When using L7 services, enabling the Inter HA L7 Persistency Updates option allows L7 persistence information to be shared between the HA partners. If a failover occurs, the persistence information will be available on the unit that assumes the active role. This option does not apply to L4 services.

HA Multicast Interface

The network interface used for multicast traffic, which is used to synchronize Layer 4 and Layer 7 traffic when Inter HA Updates are enabled.

You can select the interface to send and receive inter-HA traffic from within the WUI of the shared IP address:

1. In the main menu, select System Configuration > HA Parameters.
2. The HA Update Interface setting is used for sending HA configuration updates using TCP/6973 between units. Modify it if needed.

If you have enabled L7 persistency updates or L4 TCP connection updates, an additional HA Multicast Interface option also becomes available.

Use Virtual MAC Addresses

Selecting this option creates a shared MAC address for both units. When failover occurs, the LoadMasterthe LoadMaster handles the MAC address handover too. This allows the switches to keep the same MAC address and not worry about ARP caches or stale records. This is useful when gratuitous ARPs (used in communicating changes in HA IP addresses to switches) are not allowed.

Virtual MAC (VMAC) is a way of doing HA at Layer 2, rather than Layer 3. In addition to a shared IP address, there is a shared MAC address that is owned by whichever unit is active. By implementing this, all Virtual Service traffic communicates to this shared MAC address, allowing the standby device to pick up the traffic seamlessly. In the event of a failover, upstream devices do not need to change the Address Redundancy Protocol (ARP) record associated with the services. The only change that must occur is that the switch must begin sending frames out of a different port.

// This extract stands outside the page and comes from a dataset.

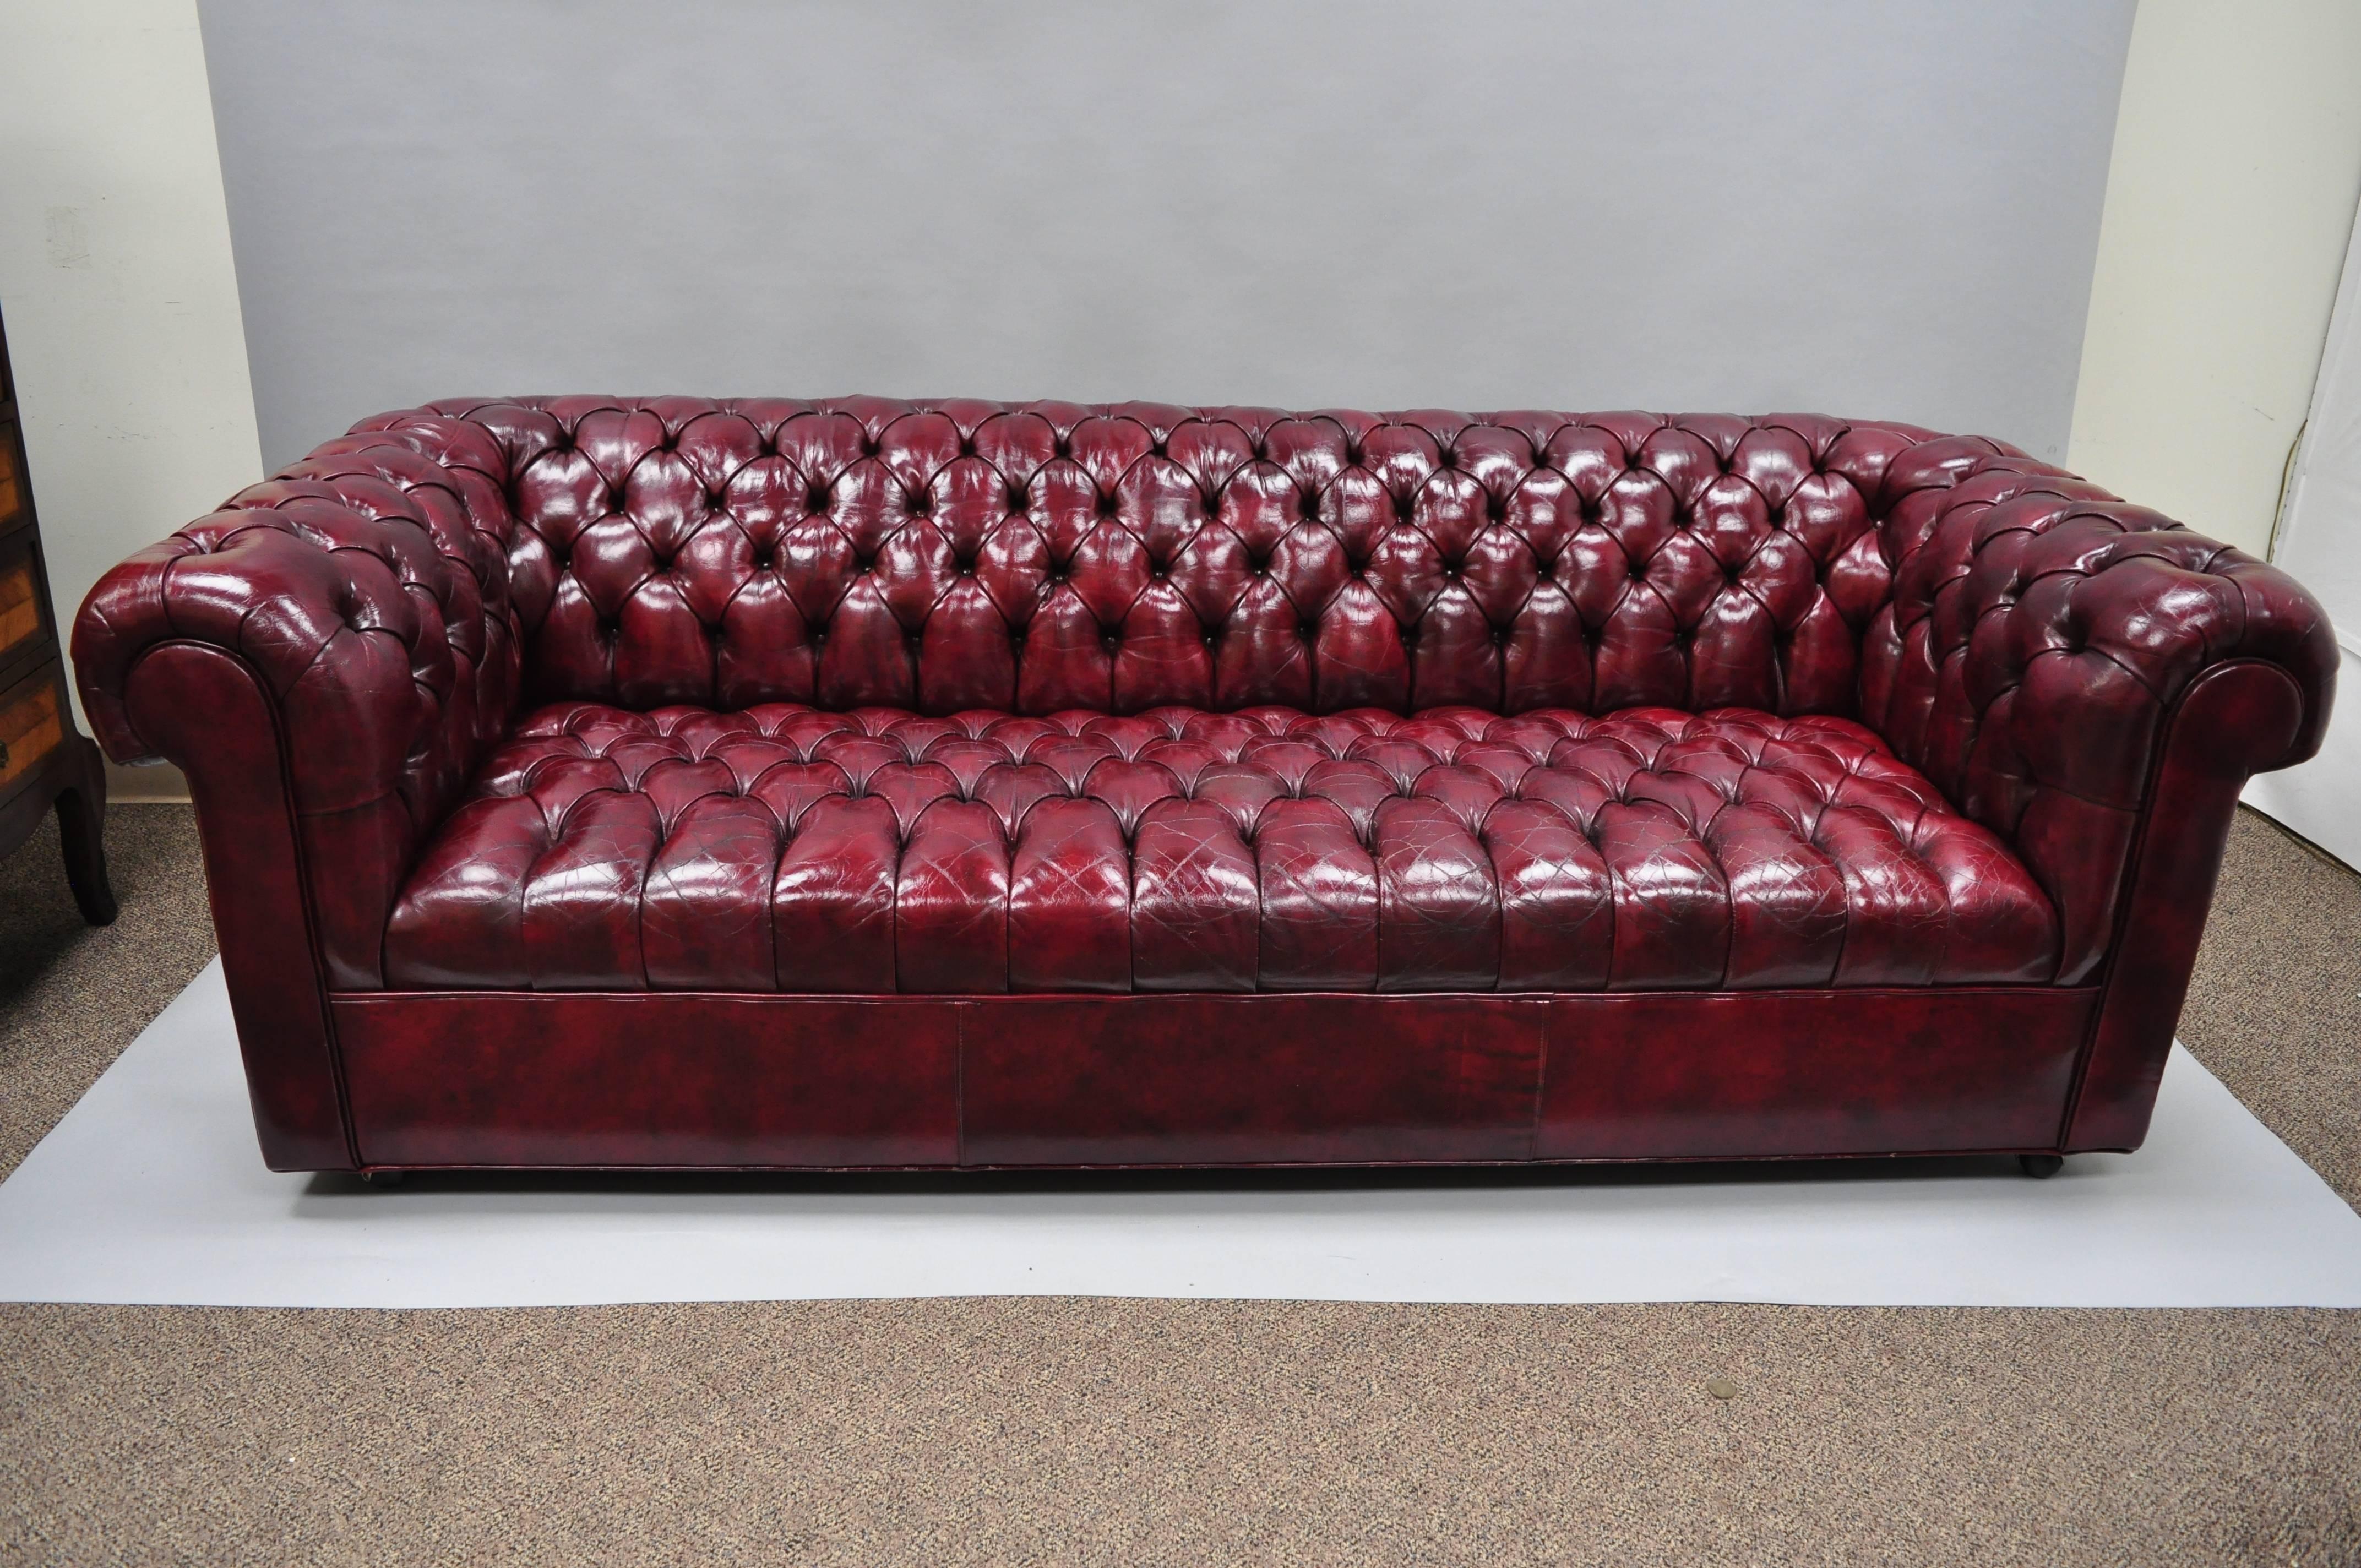 Large Oxblood Burgundy Red Leather Button Tufted Chesterfield Sofa 8

VMAC is the best way to accomplish HA. The only reason it is not defaulted is because some environments prohibit migrating MAC addresses across ports. Settings such as Cisco's Port Security can prevent VMAC from working properly.

A quick way to test whether your environment can use this is the 'laptop test'. To do the 'laptop test', follow the steps below:

1. Get a laptop and plug it into a port on the switch.
2. Get connectivity.
3. Move the connection to a different port on the same switch.

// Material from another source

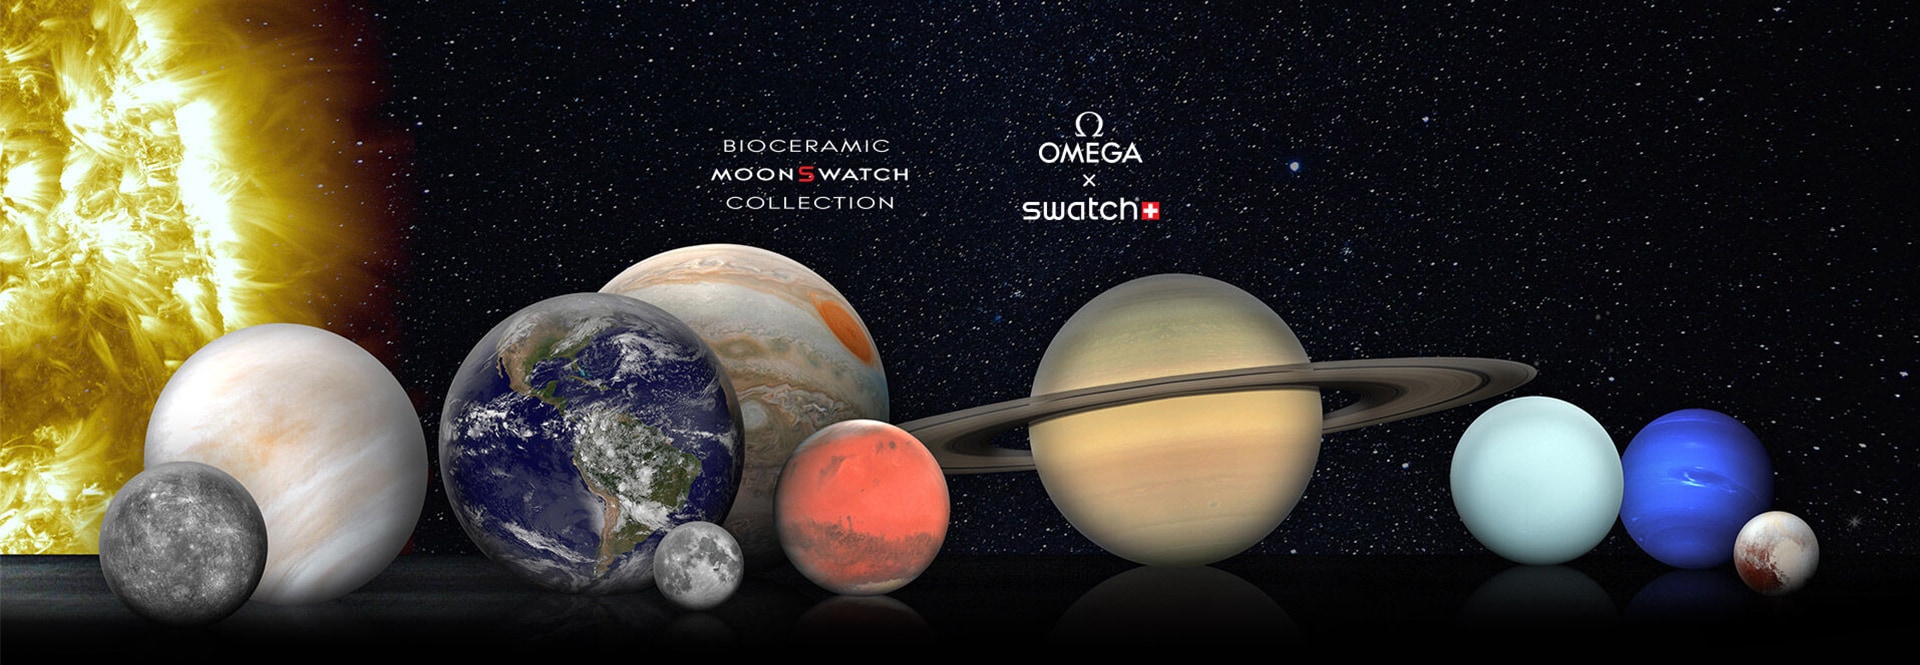 swatch collection banner

If connectivity returns without incident, then you should also be able to use VMAC.

If your HA pair is connected to two different switches, the laptop test should be done on the switch that those switches converge at (rather than the switches the LoadMaster connects to) because that is where the MAC bookkeeping has to change quickly.

After confirming that VMAC will work in your environment, you can change to Virtual MAC during a maintenance window because it requires a reboot. Also, ARP must be flushed on relevant devices. To turn it on, select the Use Virtual MAC addresses check box in the LoadMaster WUI by going to Local Administration > HA Parameters on both devices. Following that, you must reboot both devices. You also must flush the ARP on all upstream devices. It is recommended, but may not be necessary, to also flush ARP on the Real Servers.

This is the expected behavior when Virtual MAC (VMAC) is enabled and a fail-over occurs:

Following a fail-over:

Here is the expected behavior without VMAC enabled:

Following a fail-over:

Switches may not update their ARP table to reflect the change in fail-over.

The switch sends traffic to 192.168.11.245 (00-10-f3-18-d4-82 (Standby unit)).